= Required work =
Take the data below and copy exactly the lines starting at the one with "Low Fat Diet" and finishing at the one with "Evelyn Alexander Wildlife", both included.
____
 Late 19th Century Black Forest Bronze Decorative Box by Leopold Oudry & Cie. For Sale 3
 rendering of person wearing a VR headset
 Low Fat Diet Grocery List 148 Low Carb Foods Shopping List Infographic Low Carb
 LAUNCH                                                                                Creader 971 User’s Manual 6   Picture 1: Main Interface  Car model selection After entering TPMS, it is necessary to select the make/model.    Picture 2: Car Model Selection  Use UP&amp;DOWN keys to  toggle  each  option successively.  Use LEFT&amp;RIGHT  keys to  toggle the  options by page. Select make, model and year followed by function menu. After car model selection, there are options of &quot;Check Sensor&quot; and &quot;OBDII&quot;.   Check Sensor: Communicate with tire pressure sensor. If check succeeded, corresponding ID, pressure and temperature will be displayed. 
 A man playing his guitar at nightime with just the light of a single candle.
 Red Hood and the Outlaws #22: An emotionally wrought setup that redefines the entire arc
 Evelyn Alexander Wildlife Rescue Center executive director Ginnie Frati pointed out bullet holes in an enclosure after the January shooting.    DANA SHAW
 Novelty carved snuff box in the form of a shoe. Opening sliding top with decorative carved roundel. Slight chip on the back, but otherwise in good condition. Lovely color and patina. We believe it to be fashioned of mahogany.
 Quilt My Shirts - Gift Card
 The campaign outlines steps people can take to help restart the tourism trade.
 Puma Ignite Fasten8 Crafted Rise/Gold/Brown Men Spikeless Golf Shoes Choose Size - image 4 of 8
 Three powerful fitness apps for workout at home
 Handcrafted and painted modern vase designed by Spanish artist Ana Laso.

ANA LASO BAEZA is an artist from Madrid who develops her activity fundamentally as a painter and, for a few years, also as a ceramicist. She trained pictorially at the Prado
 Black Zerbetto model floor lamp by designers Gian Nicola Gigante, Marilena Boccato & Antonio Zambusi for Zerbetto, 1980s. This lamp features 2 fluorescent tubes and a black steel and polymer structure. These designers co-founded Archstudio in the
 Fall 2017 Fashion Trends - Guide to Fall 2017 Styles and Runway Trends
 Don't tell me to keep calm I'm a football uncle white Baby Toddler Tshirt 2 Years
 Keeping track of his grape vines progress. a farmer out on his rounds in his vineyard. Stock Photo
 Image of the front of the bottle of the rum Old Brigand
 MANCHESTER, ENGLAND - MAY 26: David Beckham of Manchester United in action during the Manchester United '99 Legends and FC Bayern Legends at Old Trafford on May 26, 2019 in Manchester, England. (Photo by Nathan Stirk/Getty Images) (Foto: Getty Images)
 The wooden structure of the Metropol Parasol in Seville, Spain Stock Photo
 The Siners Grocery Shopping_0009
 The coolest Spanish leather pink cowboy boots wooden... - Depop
____
= Solution to this exercise =
 Low Fat Diet Grocery List 148 Low Carb Foods Shopping List Infographic Low Carb
 LAUNCH                                                                                Creader 971 User’s Manual 6   Picture 1: Main Interface  Car model selection After entering TPMS, it is necessary to select the make/model.    Picture 2: Car Model Selection  Use UP&amp;DOWN keys to  toggle  each  option successively.  Use LEFT&amp;RIGHT  keys to  toggle the  options by page. Select make, model and year followed by function menu. After car model selection, there are options of &quot;Check Sensor&quot; and &quot;OBDII&quot;.   Check Sensor: Communicate with tire pressure sensor. If check succeeded, corresponding ID, pressure and temperature will be displayed. 
 A man playing his guitar at nightime with just the light of a single candle.
 Red Hood and the Outlaws #22: An emotionally wrought setup that redefines the entire arc
 Evelyn Alexander Wildlife Rescue Center executive director Ginnie Frati pointed out bullet holes in an enclosure after the January shooting.    DANA SHAW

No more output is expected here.